COPY .aws /home/analysis/.aws
COPY 01_scraping.R /home/analysis/01_scraping.R
COPY 02_cleaning.R /home/analysis/02_cleaning.R
COPY 03_processing.R /home/analysis/03_processing.R
COPY 04_combine.R /home/analysis/04_combine.R

Up to this point, each part of the Dockerfile will be run only when the image is built and not each time the container is launched. However, some parts we will want to run every time. These commands are preceded by the CMD keyword:

CMD cd /home/analysis \
  && R -e "source('04_combine.R')"

Here, we move to the directory containing the R scripts and then run them using R. The script 04_combine.R sources the other processing scripts, so it’s the only one to be called explicitly in the Dockerfile.

Now that the Dockerfile is set up, we build it using docker build -t analysis ., where analysis is the name of the image. This can take a while to build, depending on how much is to be installed. Then to start the container and run the scripts, use docker run analysis.

Though this step wasn’t strictly necessary to getting my scripts to run using GitLab CI/CD, it did help me understand better how Docker works and what exactly I need my GitLab pipeline to do. This made the next step a lot more straightforward.

Using GitLab CI/CD to automate scripts

To run my processing scripts automatically, I used to GitLab CI/CD to run them in a Docker container. You can read more about this in the GitLab documentation here.

To setup CI/CD, from your GitLab repo click the ‘Set up CI/CD’ button:

After clicking ‘Create new CI/CD pipeline’ on the next page, you will see a template for the .gitlab-ci.yml file that defines what will actually happen in your CI/CD pipeline.

The template is more complicated than the one I actually used, but illustrates the basic structure and how a pipeline can include several stages:

This is my .gitlab-ci.yml:

image: rocker/r-ver:4.0.3

execute:
    script:
      - apt-get update && apt-get install -y --no-install-recommends libxml2-dev
      - R -e "install.packages(c('rvest', 'magrittr', 'data.table', 'aws.s3', 'stringr', 'zoo', 'sentimentr', 'textclean', 'quanteda'))"
      - R -e "source('04_combine.R')"

This has several similarities to my Dockerfile above. The line image: docker:rocker/r-ver:4.0.3 tells Docker what image to use (similar to the FROM line in the Dockerfile).

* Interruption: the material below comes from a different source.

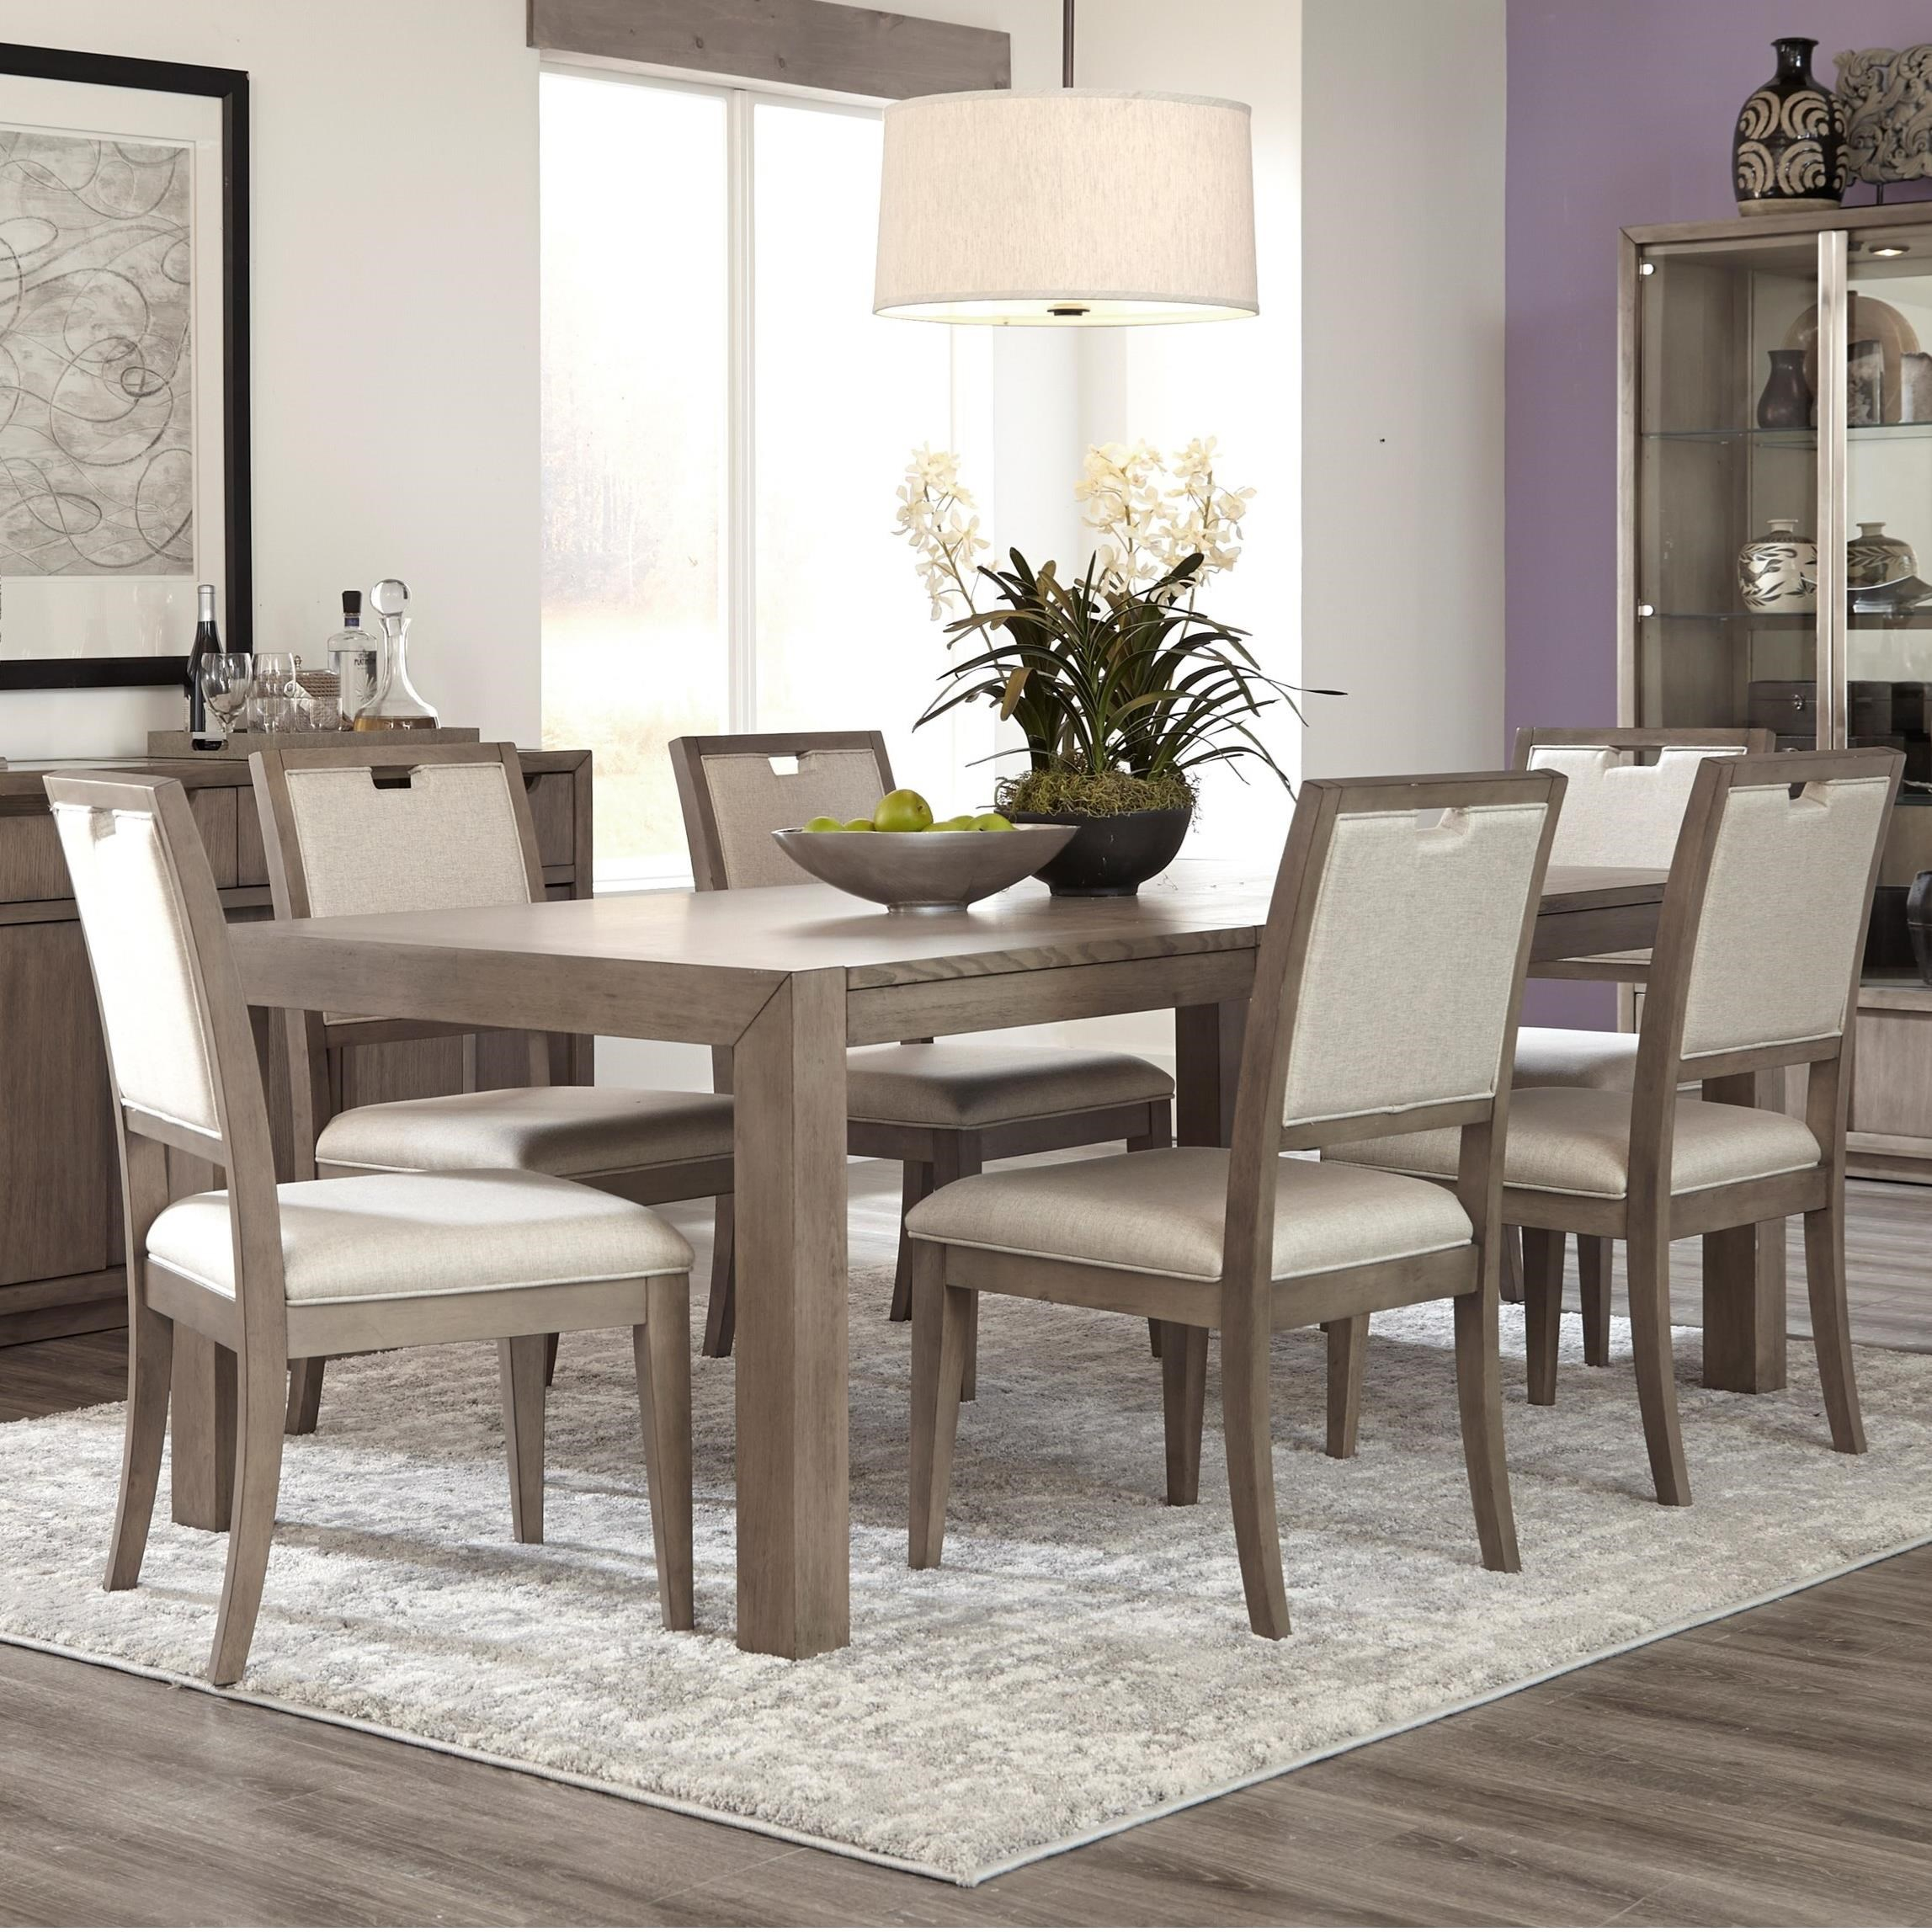 Klaussner International Melbourne Seven Piece Dining Set in dimensions 2295 X 2295

The part under execute should look familiar from building and running our Docker image earlier. script is the name of the pipeline stage (in this case I only have one stage, so the word ‘pipeline’ is perhaps a little grand), and the following lines are terminal commands. The first two commands ensure that everything needed to run the scripts is installed, and the final one runs the processing scripts.

As when I was running them locally, the scripts require my AWS credentials to save generated R objects to S3. Instead of adding my credentials to GitLab and reading them from there (which would be a bad idea, particularly since this is a public repo), I added them as GitLab variables.

To do this, click ‘Settings’ in the sidebar and then ‘CI/CD’ in the expanded submenu. Under ‘Variables’, you can click ‘Add variable’ to add a key value pair. Be sure to click the checkbox ‘Protect variable’ if this is something that needs to be secret, like a password.

The final step is to schedule the pipeline to run (though ‘CI/CD’ and then ‘Schedules’ in the sidebar). Then simply add a short description and choose when you want the pipeline to run:

You can see the details of each time your pipeline has run though ‘CI/CD’ and then ‘Pipelines’ in the sidebar.

And with that, I never had to manually run one of my ScoMo transcript processing scripts again (in the few weeks since I’ve done this, at least). A very happy ending!

Resources

I used the aws.s3 package to interact with S3 from R.
This guide by Ben Gorman on using S3 with R has a very clear walkthrough of how to set up S3 and how to use the aws.s3 package to save and load data from S3.
Colin Fay’s post on using R and Docker is great for getting started with Docker.
The ScoMoSearch Shiny app now updates automatically once a day.
All scripts I used to scrape, clean, and process the transcripts and the code for the Shiny itself are on GitLab.